For release: March 16, 2001
Contact: Joe Elstner, (314) 444-8902; Charles B. Henderson, (314) 444-8311

Marquette High Students Win First Place in St. Louis Fed Challenge


ST. LOUIS -- A team of five students from Marquette High School has won the St. Louis area "2001 Fed Challenge," an economics competition sponsored by the Federal Reserve Bank of St. Louis.

The Marquette team beat teams from Beaumont High, Clayton High (which won second place), Crossroads, Hazelwood Central, and West Jr. High from Columbia, Mo. The five Marquette students are Mandy Giovanoni, Allison Hartman, Niel Holbrook, Thomson Kao and Silpa Kaza. Their teacher is Eva Johnston. Paul Christopher, a senior economist for A.G. Edwards, served as coach.

The Marquette team will go on to participate in the Eighth Federal Reserve District competition for the Fed Challenge on April 4 against teams from the St. Louis Fed's branch cities of Louisville, Little Rock and Memphis. The winner of that round will then represent the District at the Federal Reserve's national finals on April 28-30 in Washington, D.C.

Each team in the Fed Challenge makes a 15-minute presentation, based on their research, before a panel of judges at a mock meeting of the Federal Open Market Committee, the Federal Reserve's policymaking body. Team members also have to answer the judges' questions about their research and the Federal Reserve. Although five students made up each team, the Fed Challenge in many cases involves other students who serve as researchers, advisors, technical and graphic support, and practice-session judges.

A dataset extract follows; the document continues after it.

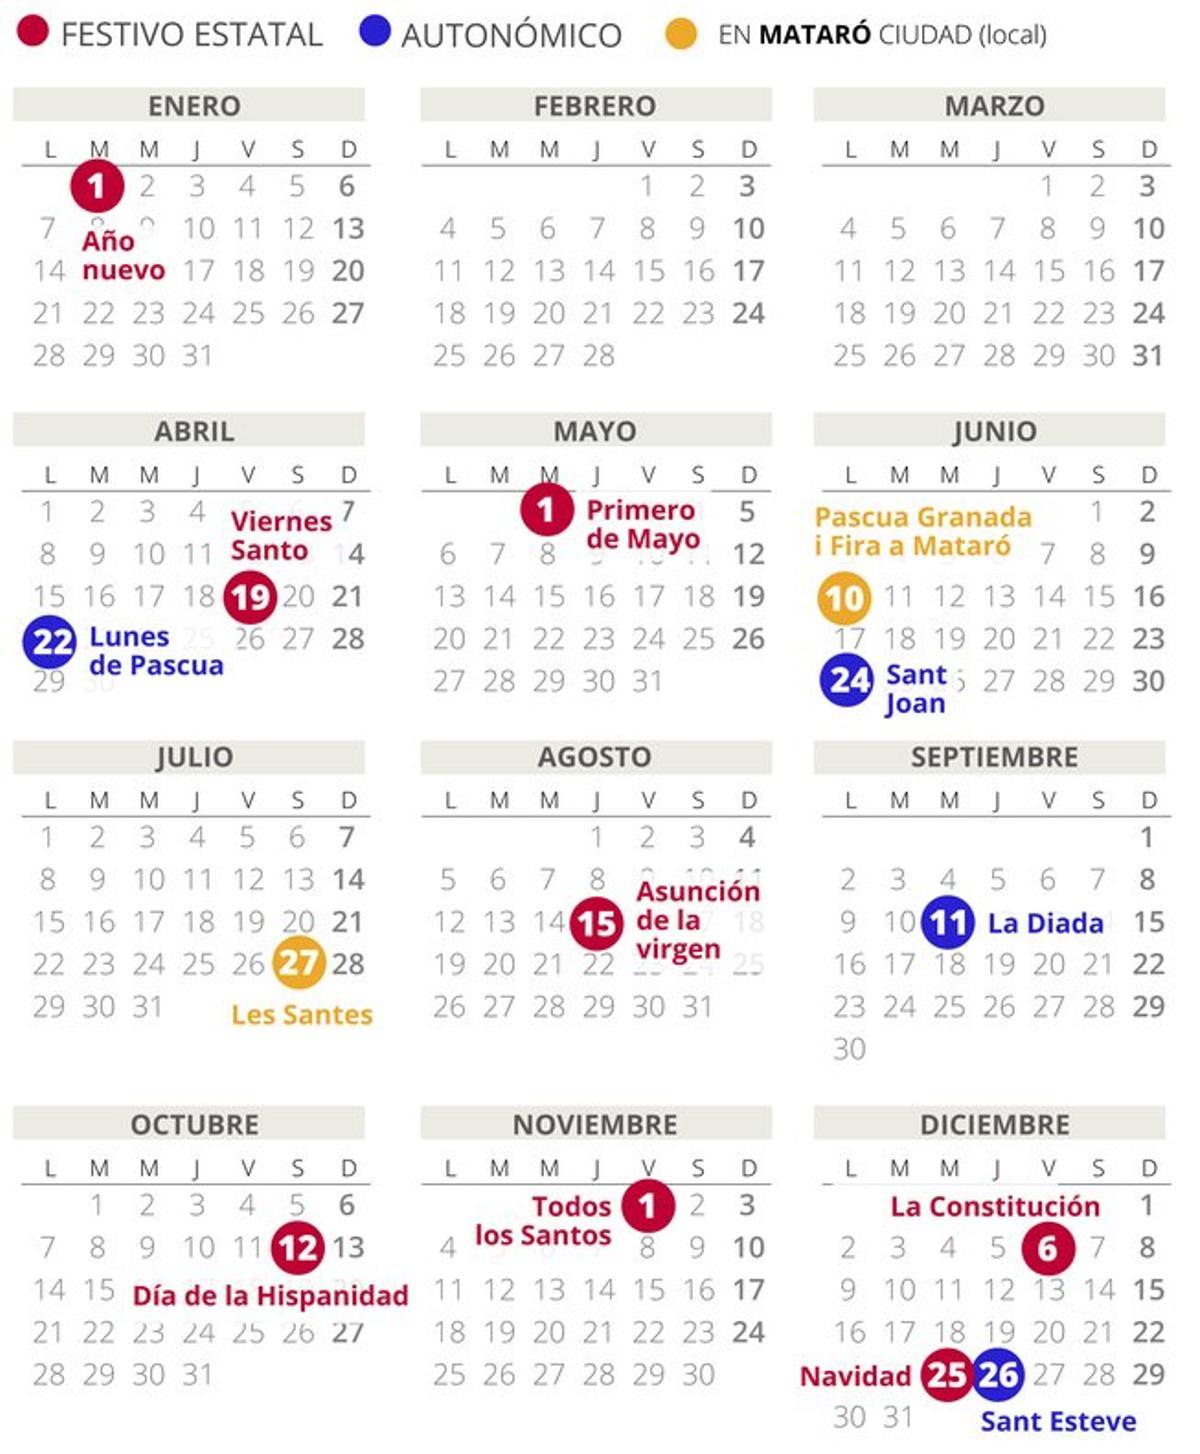 Calendario laboral de Mataró del 2019.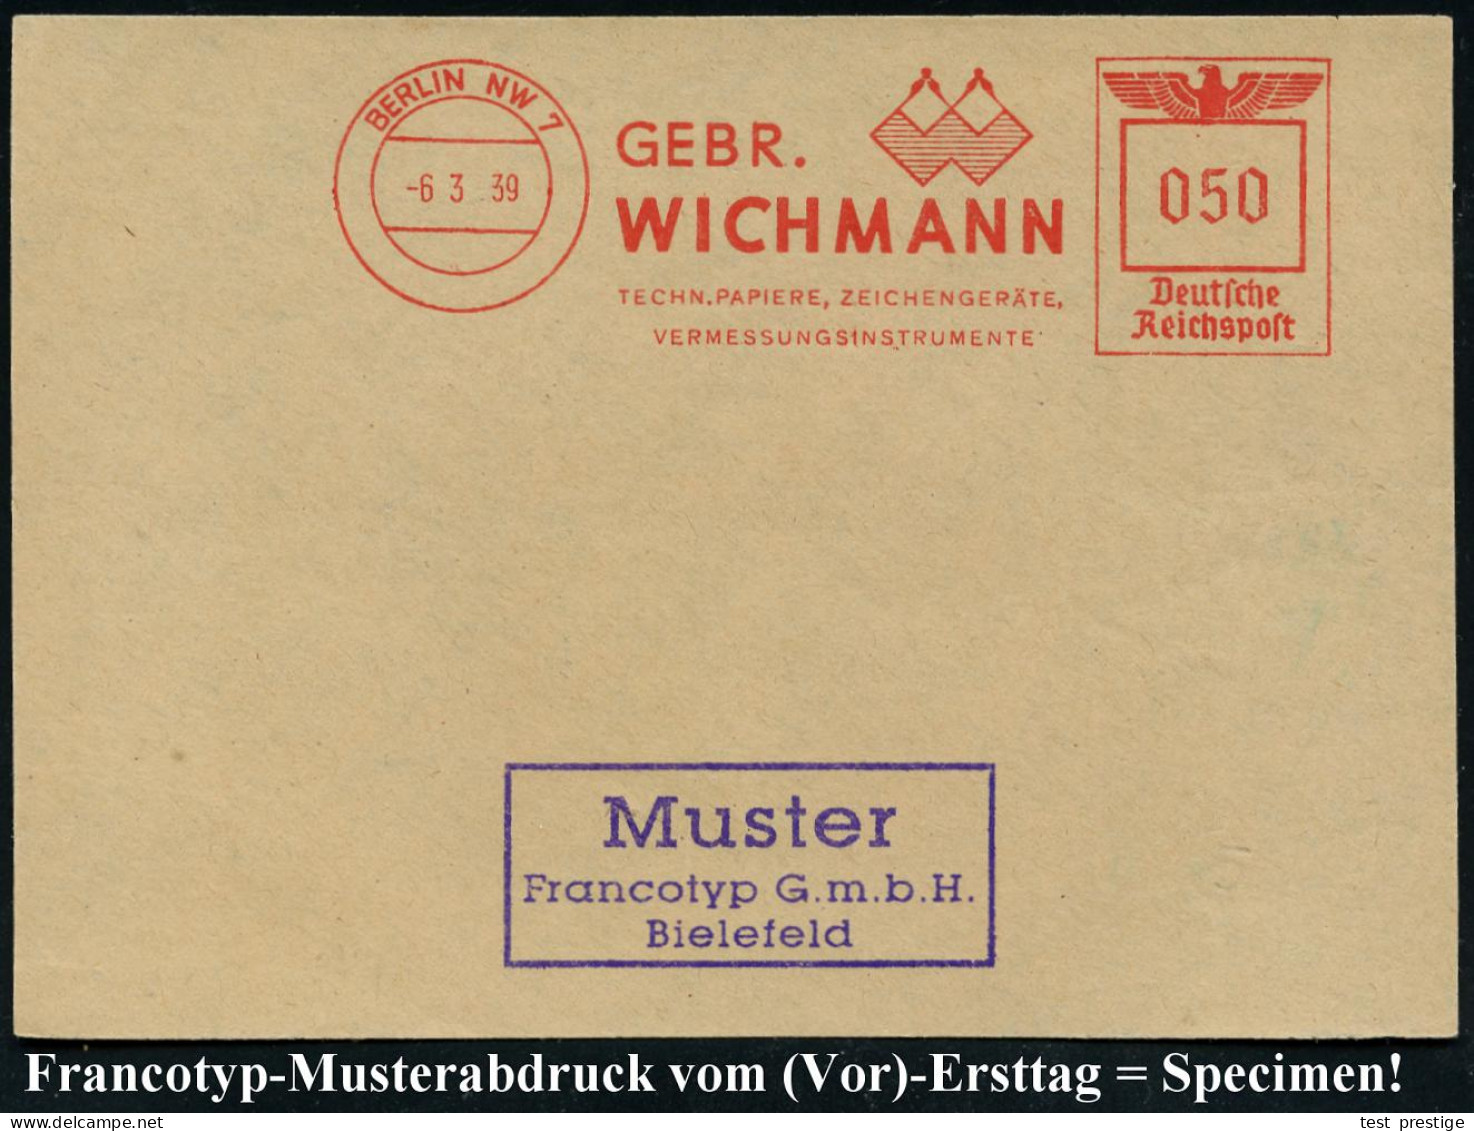 BERLIN NW7/ GEBR./ WICHMANN/ TECHN.PAPIERE, ZEICHENGERÄTE/ VERMESSUNGSINSTRUMENTE 1939 (6.3.) AFS-Musterabdruck Francoty - Geographie

The St. Louis Fed encourages all the student teams to consult a variety of sources to prepare their presentations, including the business sections of local and national newspapers, financial journals and the Internet.

The judges for the St. Louis competition were Gaetano Antinolfi, an assistant professor of economics at Washington University in St. Louis; Rachel Balbach, an economist; Steve Fazarri, professor and chair of the Department of Economics at Washington University in St. Louis; Sarapage McCorkle, director of the Center for Entrepreneurship and Economic Education at the University of Missouri-St. Louis; and Mary Anne Pettit, associate director of the Office of Economic Education and Business Research at Southern Illinois University at Edwardsville.

With branches in Little Rock, Louisville and Memphis, the Federal Reserve Bank of St. Louis serves the Eighth Federal Reserve District, which includes all of Arkansas, eastern Missouri, southern Indiana, southern Illinois, western Kentucky, western Tennessee and northern Mississippi. In addition to serving as a bank for depository institutions and the U.S. government, each Reserve Bank monitors economic conditions in its District, participates in formulating monetary policy, and supervises state-chartered member banks and bank holding companies to foster safety and soundness of its District's banking and financial institutions and to protect the credit rights of consumers.